Information supplied
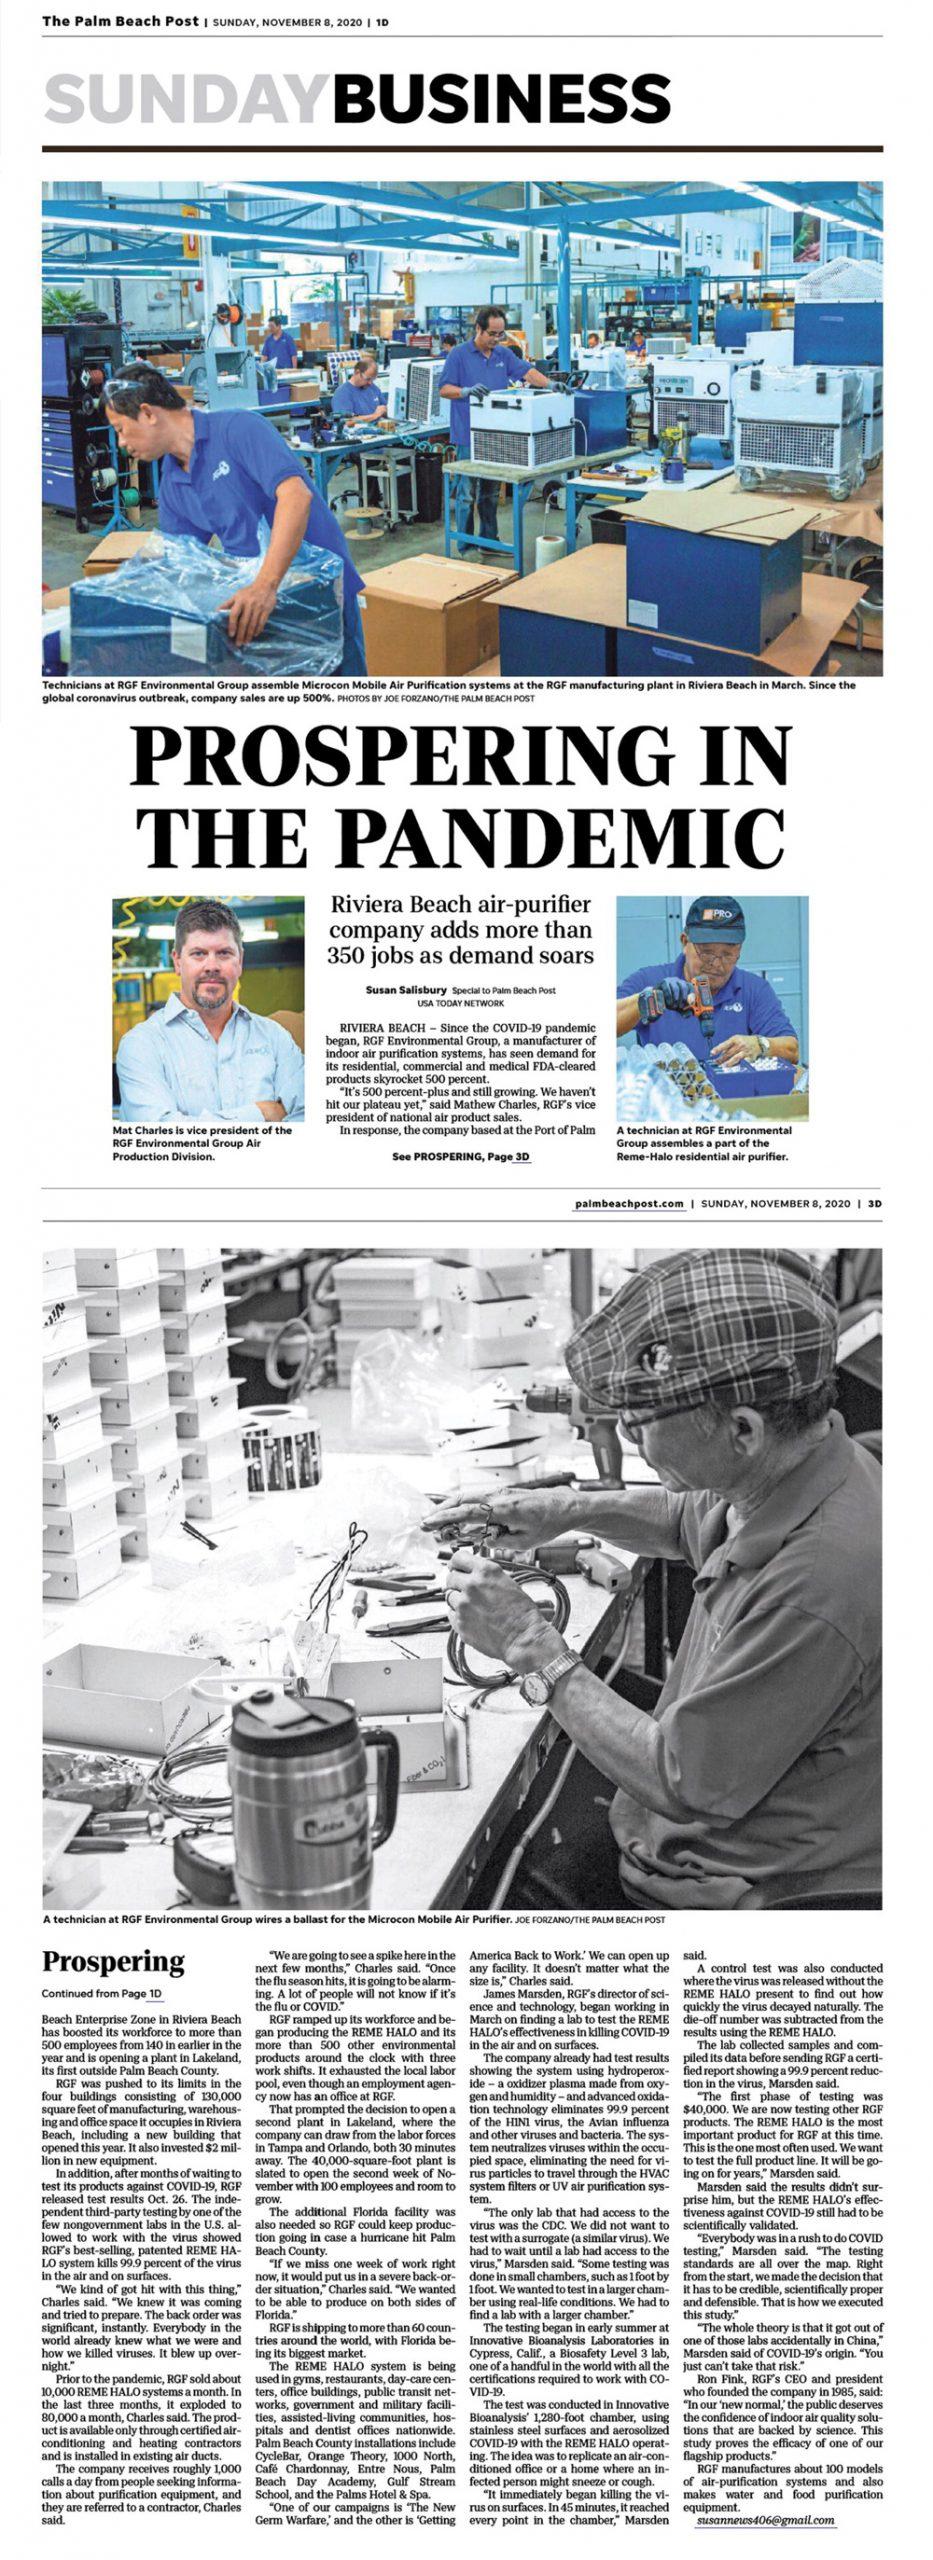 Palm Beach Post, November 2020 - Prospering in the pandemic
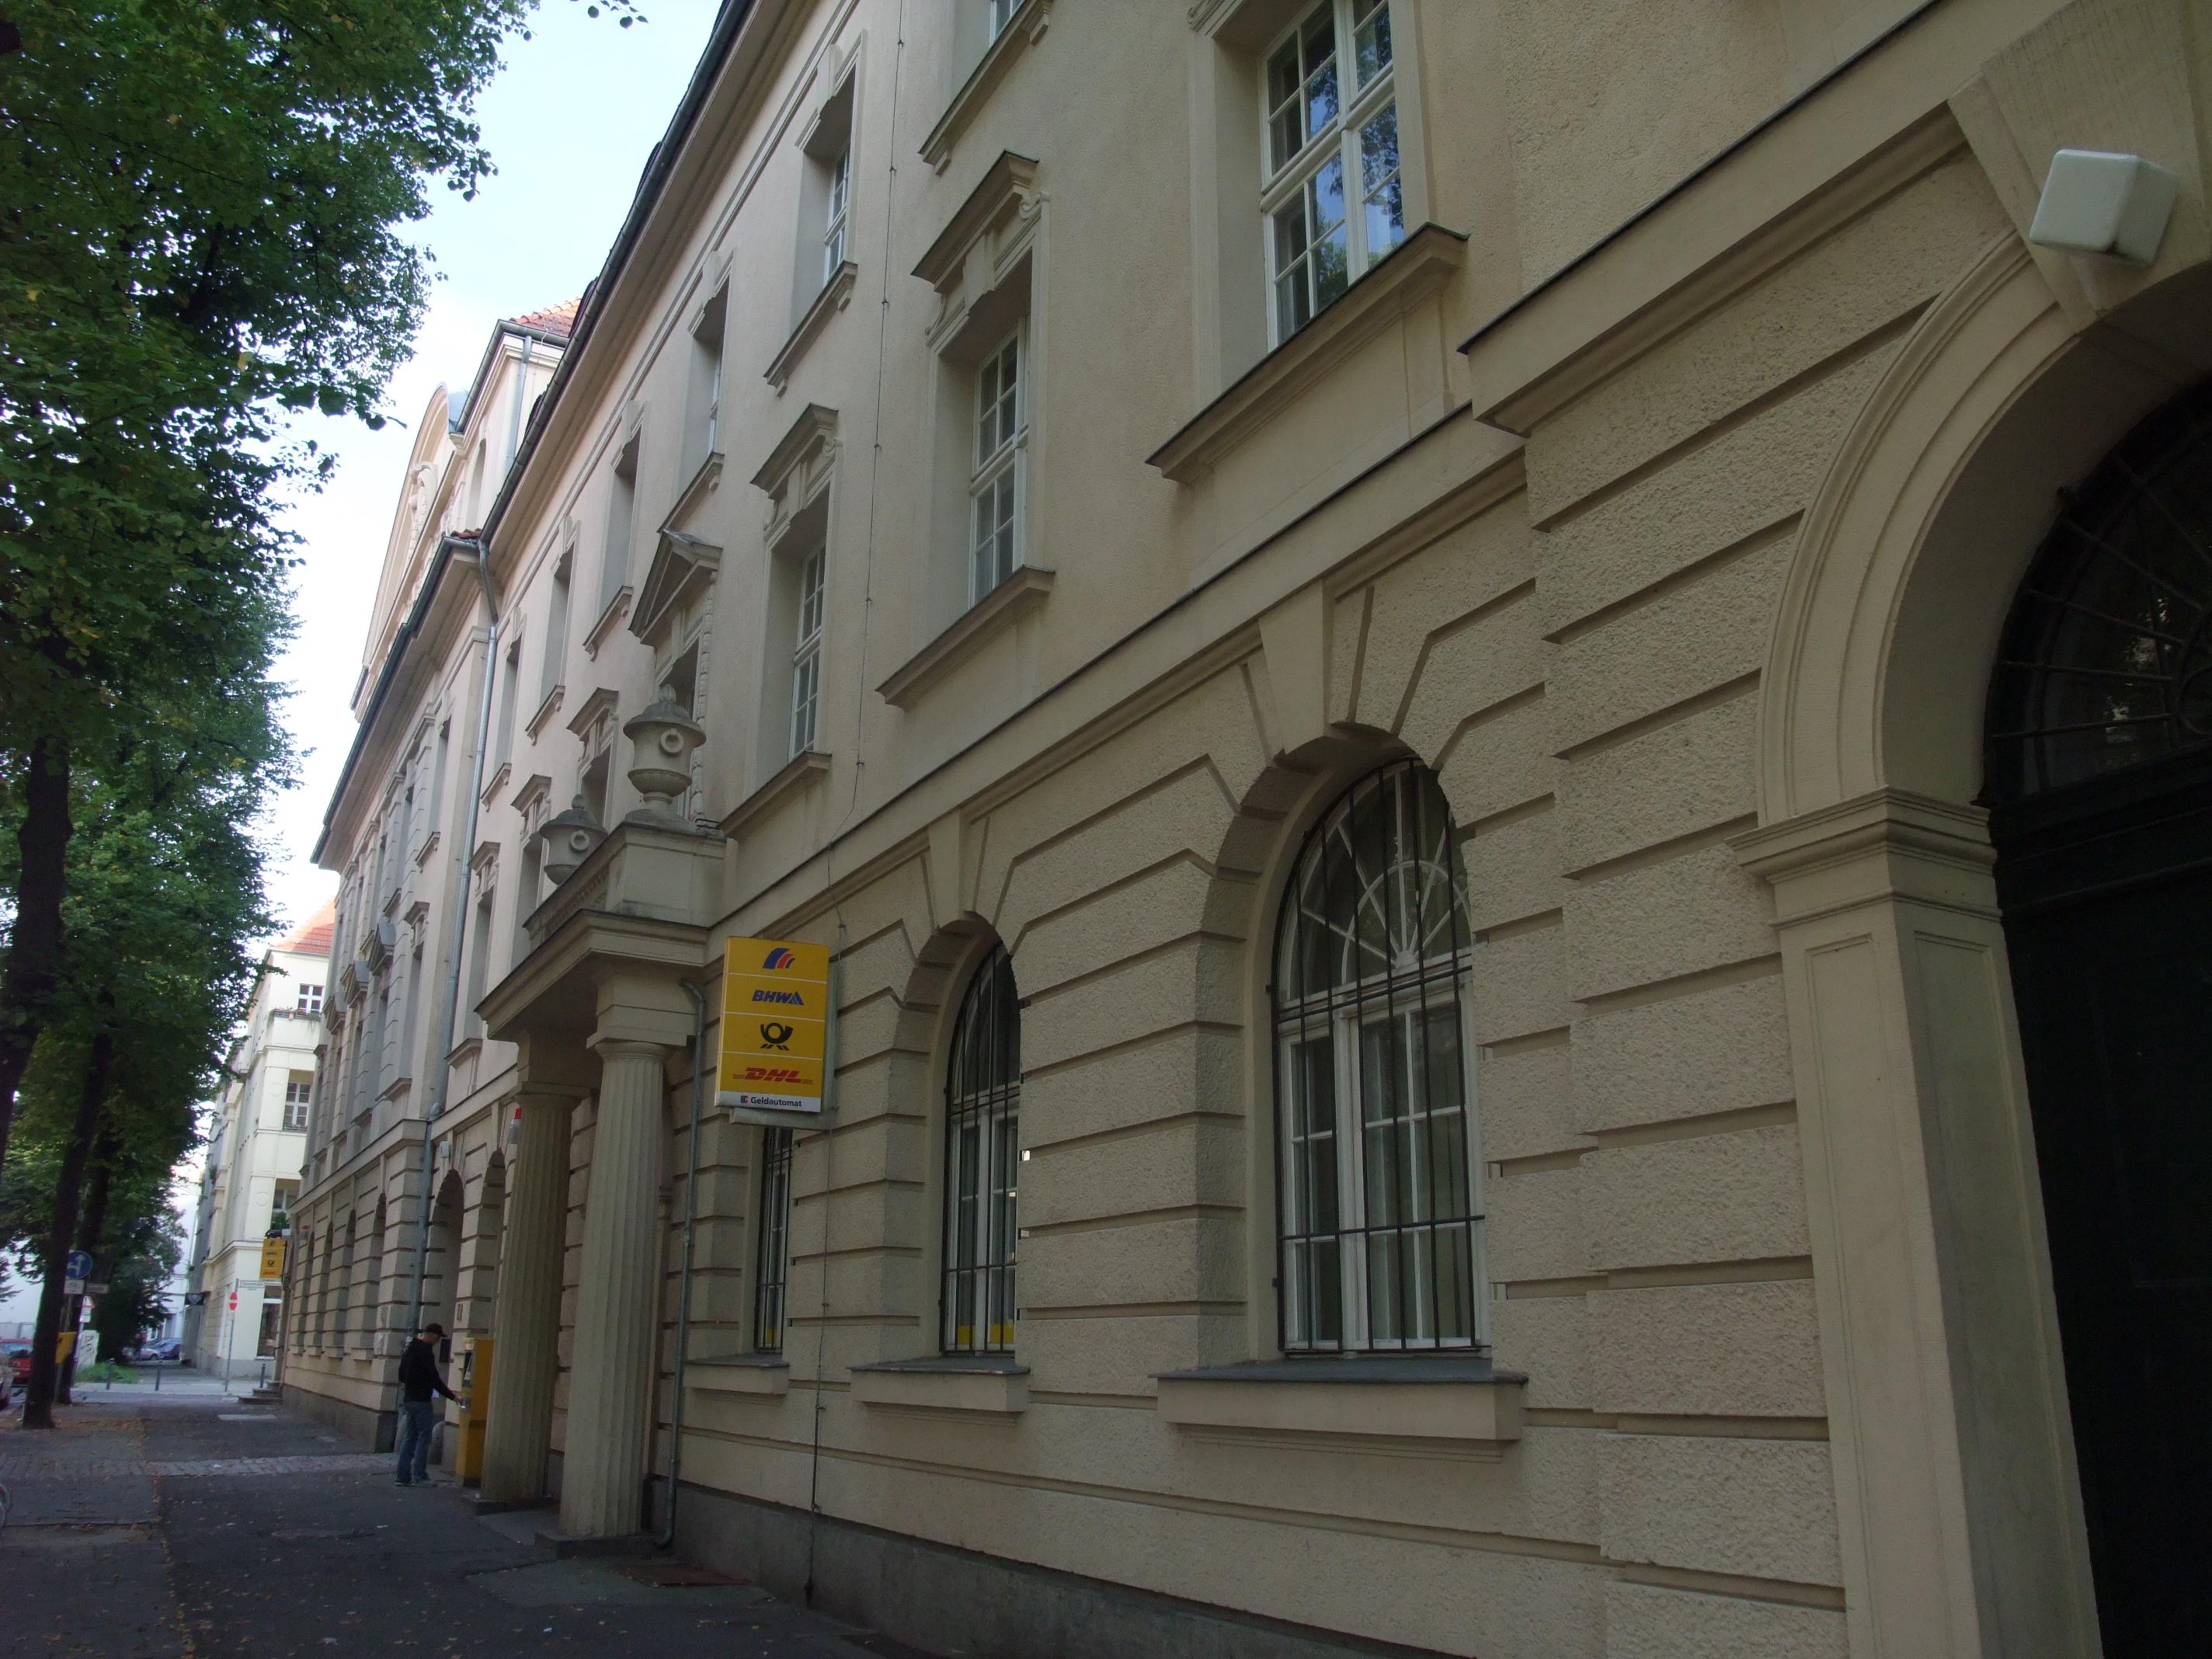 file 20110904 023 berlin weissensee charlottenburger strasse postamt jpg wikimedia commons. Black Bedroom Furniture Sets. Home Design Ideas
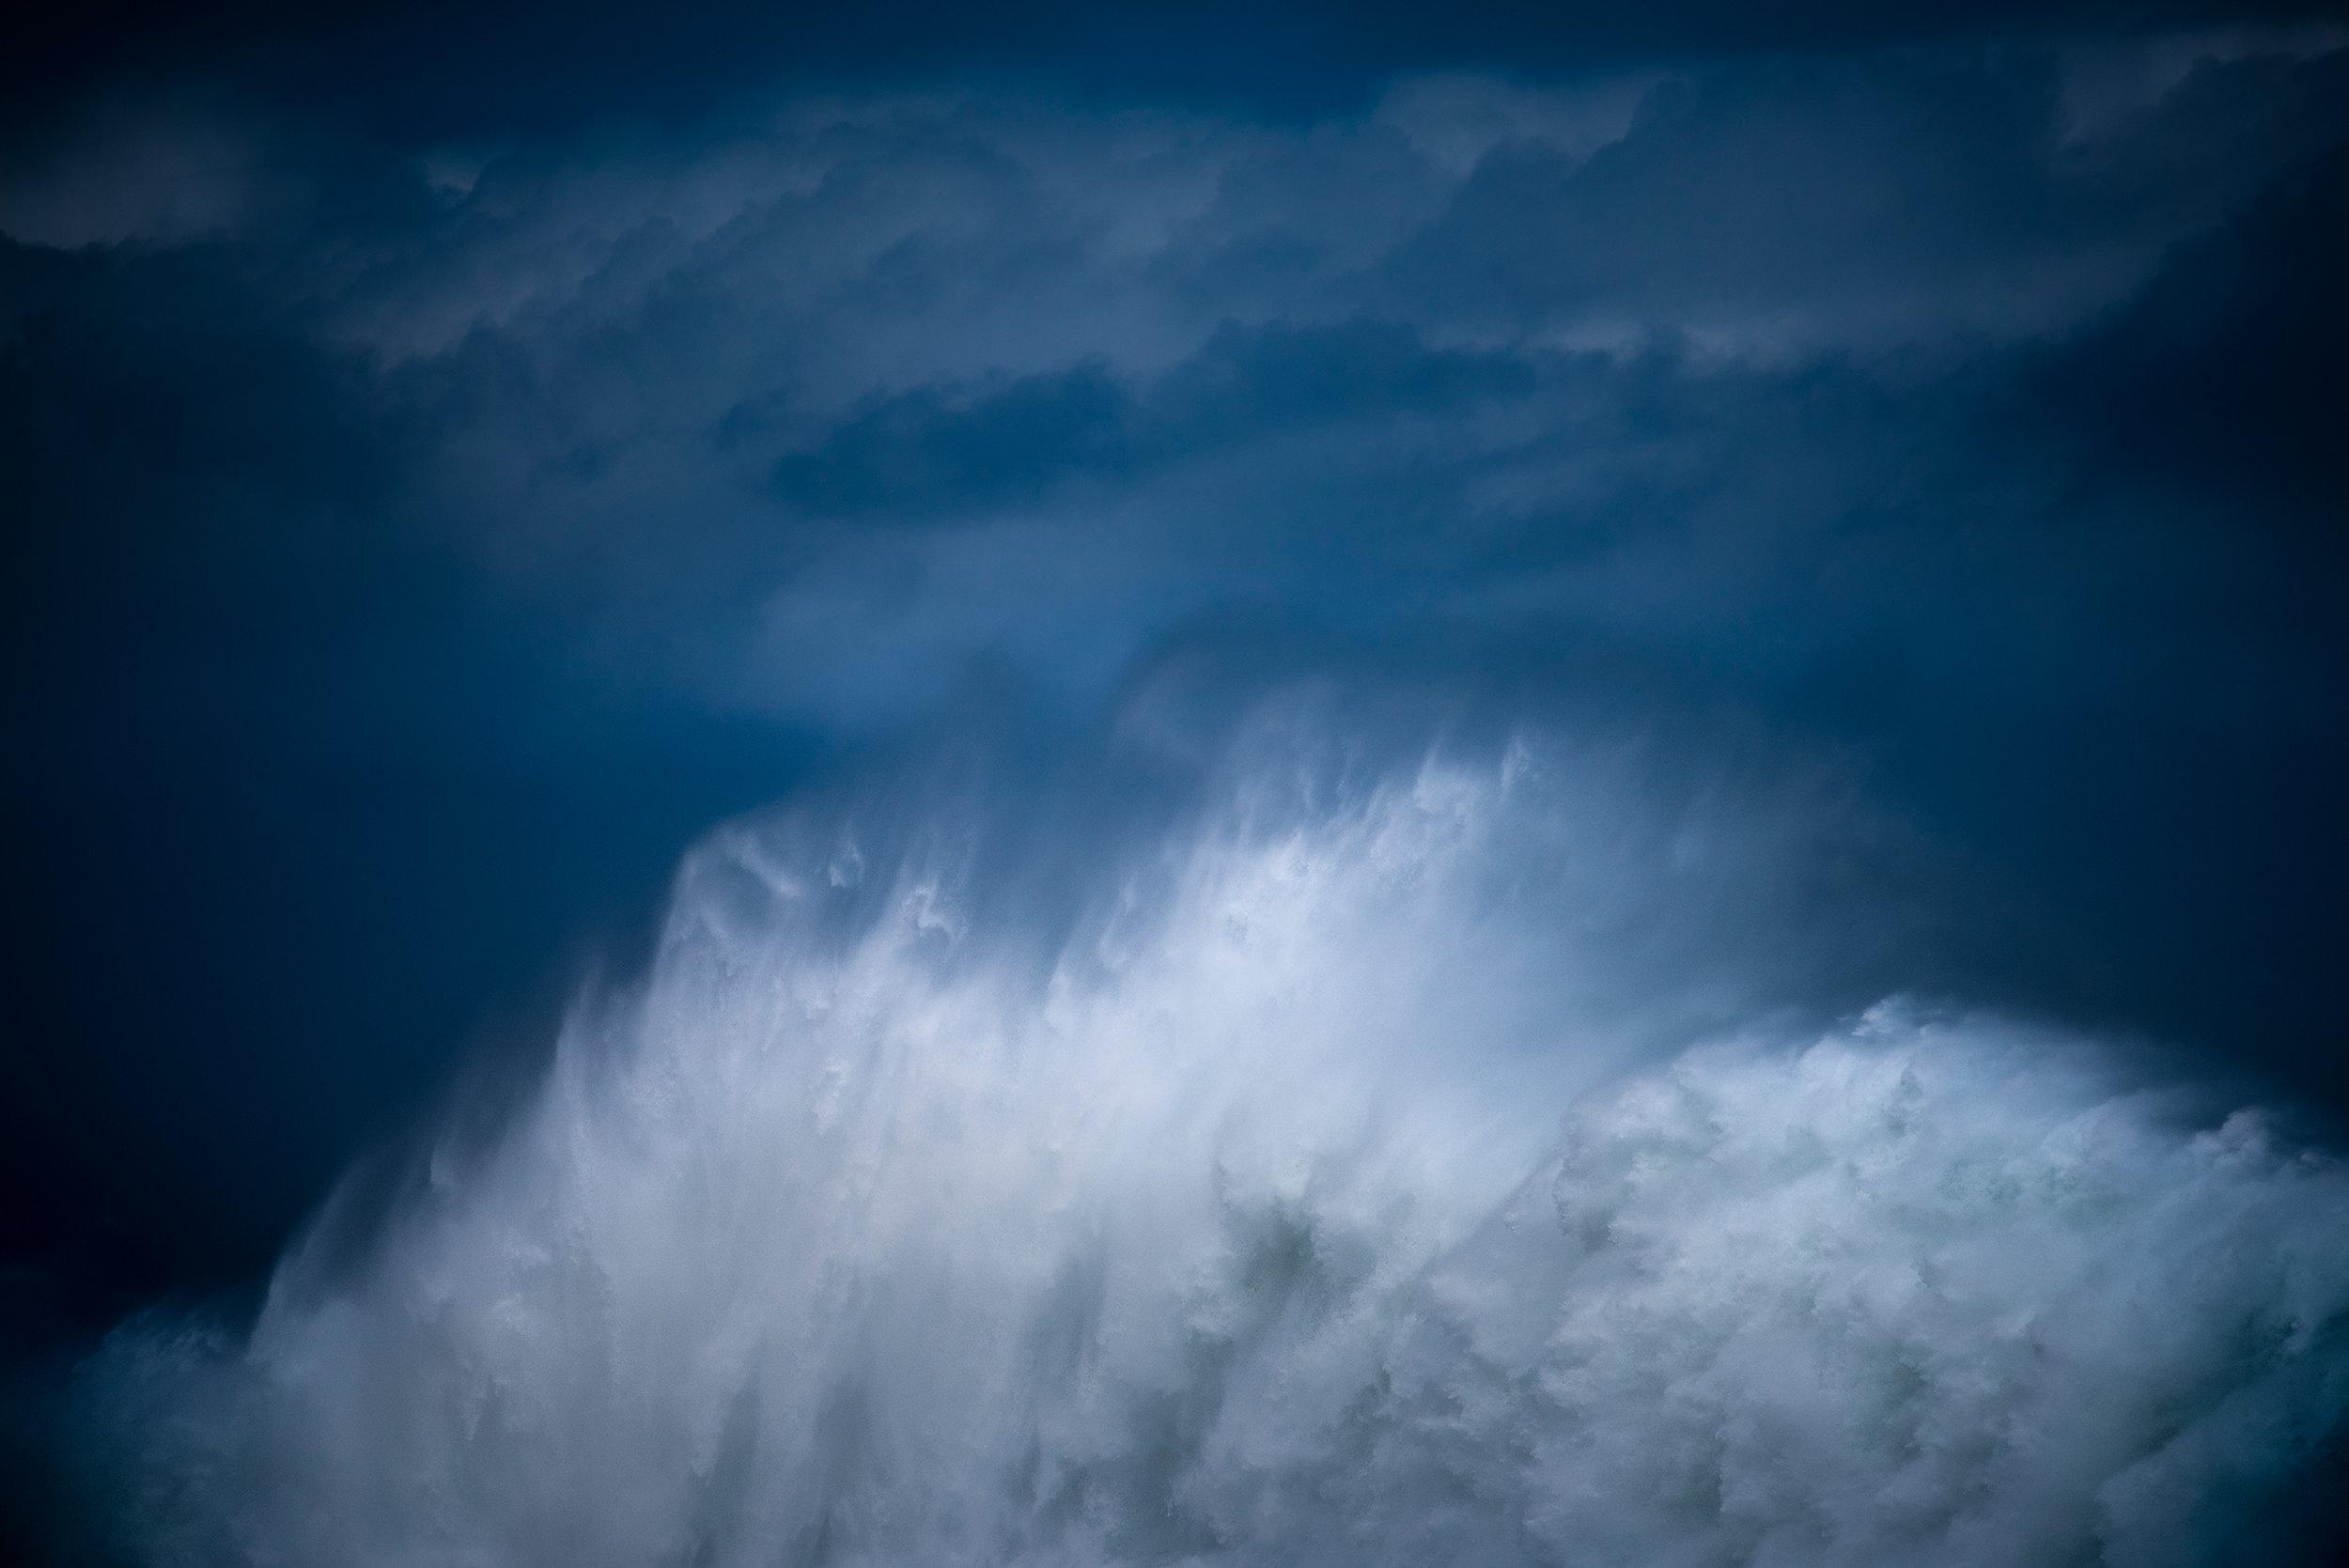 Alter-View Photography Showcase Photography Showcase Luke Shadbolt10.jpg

Problem statement
Return an exact transcription of the material, with its pictures left out.

Answer for this exercise
 Palm Beach Post, November 2020 - Prospering in the pandemic
 file 20110904 023 berlin weissensee charlottenburger strasse postamt jpg wikimedia commons. Black Bedroom Furniture Sets. Home Design Ideas
 Alter-View Photography Showcase Photography Showcase Luke Shadbolt10.jpg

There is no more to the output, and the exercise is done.